Dawkins (1996) relies too much in science as the fundamental source of reason and logic. He confirms his phraseology when he asserts that science is “the most moral and the most honest disciplines” (Dawkins, 2). This time Dawkins believes that only science can provide accurate data and pieces of evidence because science can be associated with honesty. In other words, Dawkins fully understands the entire concept of accuracy, scientific method, and verifiable evidence. These three things are considered to be categories of science, not faith in any respects that science does exist with reason and logic and that all come into play to explain certain circumstances. Because science offers this door of knowledge based on facts, Dawkins rely only on the verifiable pieces of evidence. He surely is confidents that all uncertainties can be identified, determined, tested, experimented, analyzed, and evaluated in order to come up with solutions to problems. Without this, Dawkins rejects any results if these data do not come from scientific studies and research findings. For Dawkins, he justifies this by describing that “science, then, is free of the main vice of religion – faith” (p. 2). As such, Dawkins considers science as the most reliable form of real and factual evidence.
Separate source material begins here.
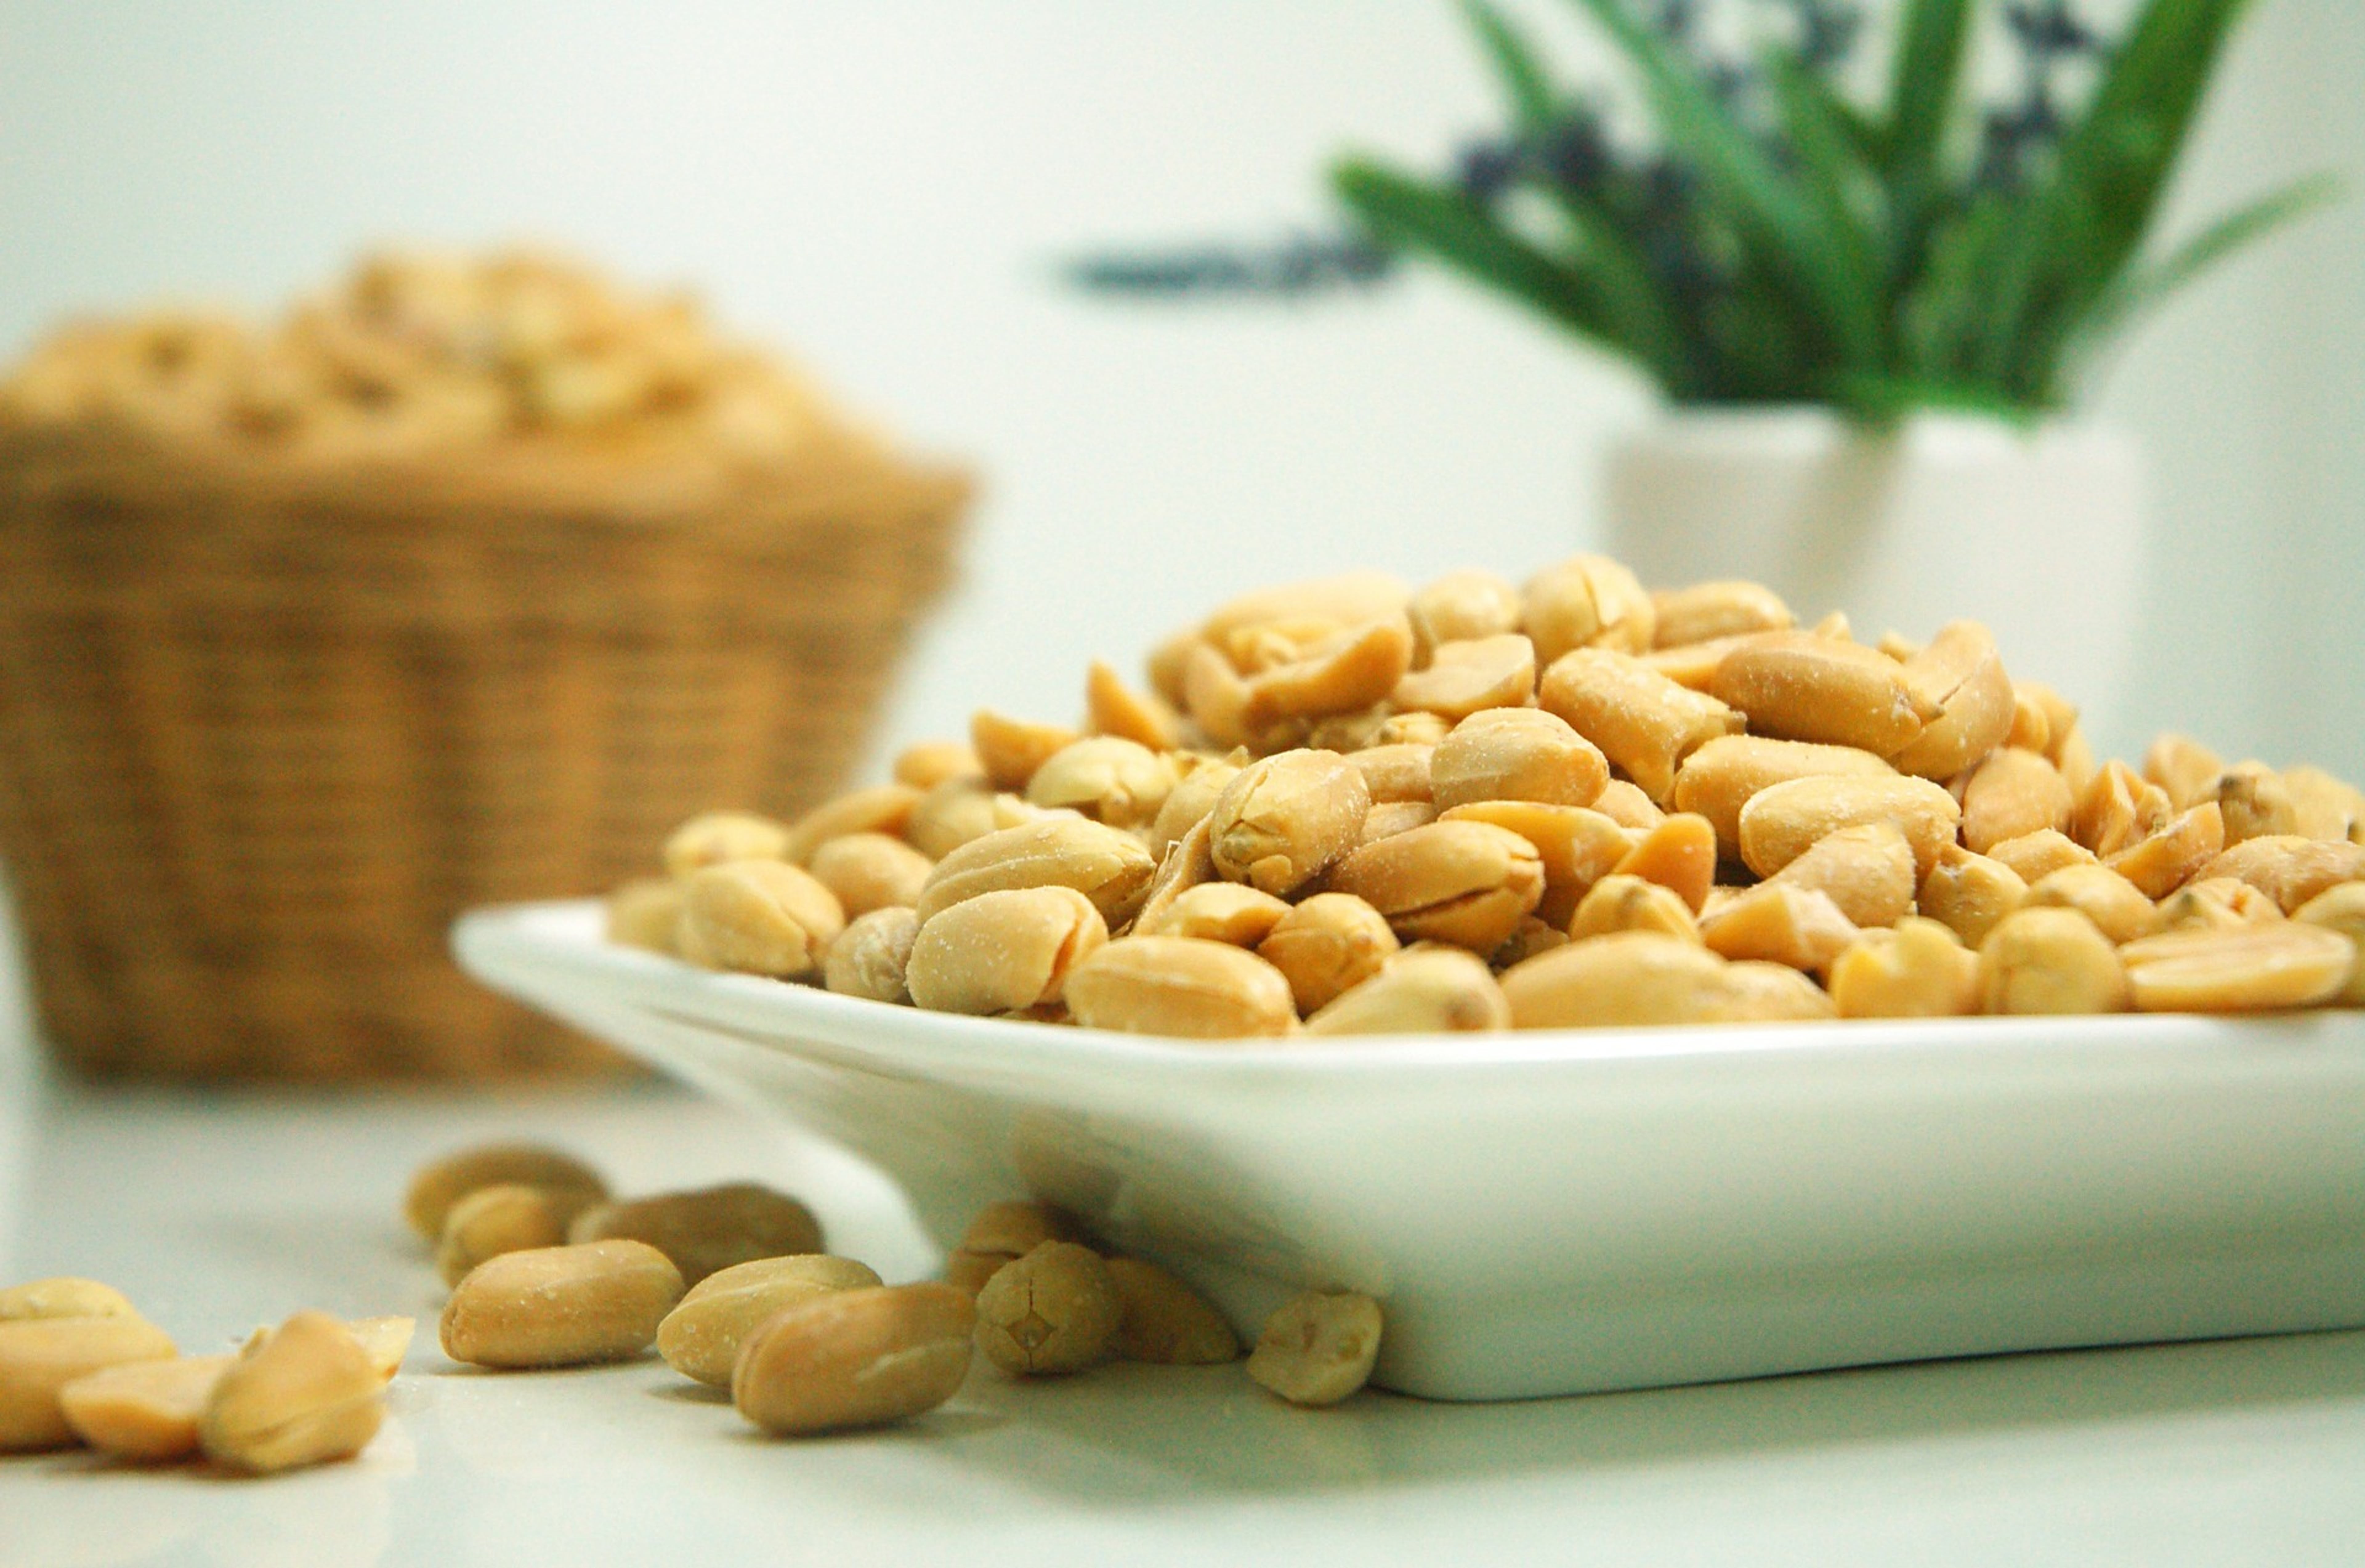 Aimmune Analysts Bullish On Strong Uptake Of Peanut Allergy Drug Palforzia
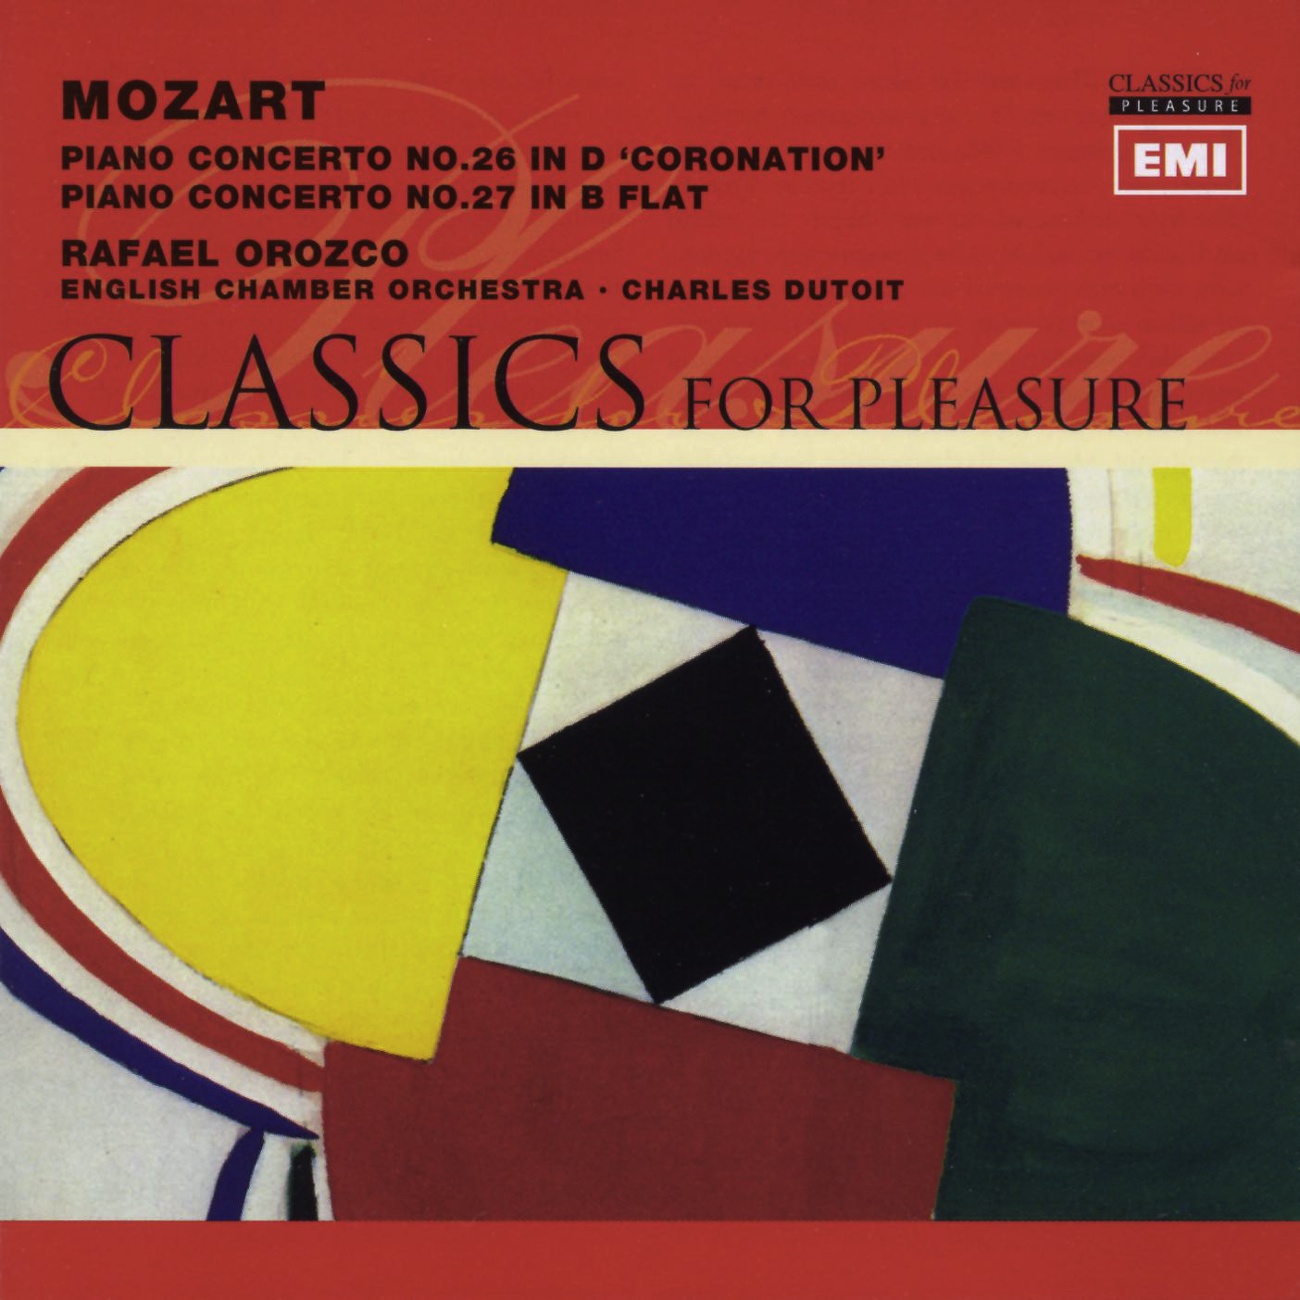 Piano Concerto No. 26 in D K537 'Coronation' (1981 Digital Remaster): I.       Allegro

Religion is faith and faith alone is not enough foundation to search for nothing or for the unknown. Religion, according to Dawkins, helps determine people’s existence without questioning. What makes religion and science differ in some accounts is that religion provides answers all questions found in the verses or the chapters but that science offers answers to questions in an accurate and evidential way. In other words, science can provide measurable, quantifiable, and verifiable pieces of information. In fact, for Dawkins, “science can offer a vision of life” (p. 3) and he is confident to accept for facts without further questions. In here, Dawkins fully depends on science as the infinite knowledge and reason of his existence. Though he is aware that science cannot state directly about his existence, he believes in some theories such as the Big Bang Theory, Evolution of Man, and Plasma Theory. In other words, theories are not facts. Even if he does not have any idea regarding the origin of his existence and humanity, he still believes in it as a forwarding claim about life. Even if he denies that science is not belief, he clearly shows that he is making the opposite of his words. He has an extreme belief of science that it allows him to consume his realizations, his ideas, and his religious reservations. To evaluate Dawkins’ phraseology, he never believes that SOMEONE is out there who creates life and the world. Granting that he is definitely and absolutely right of his statements, Dawkins fails to establish his claim that science is the most reliable source of information because he cannot justifies his existence in this world. Granting again that he solely relies on science as the body of truth, how can he accept the fact of his unknown existence? Again, Dawkins faces another dilemma of uncertainty as he becomes inconsistent about his stand. And if forcing Dawkins himself to believe these theories namely Big Bang, Plasma, and Evolution as true and correct, then he falls himself on his own trap of denials. That is arrogance.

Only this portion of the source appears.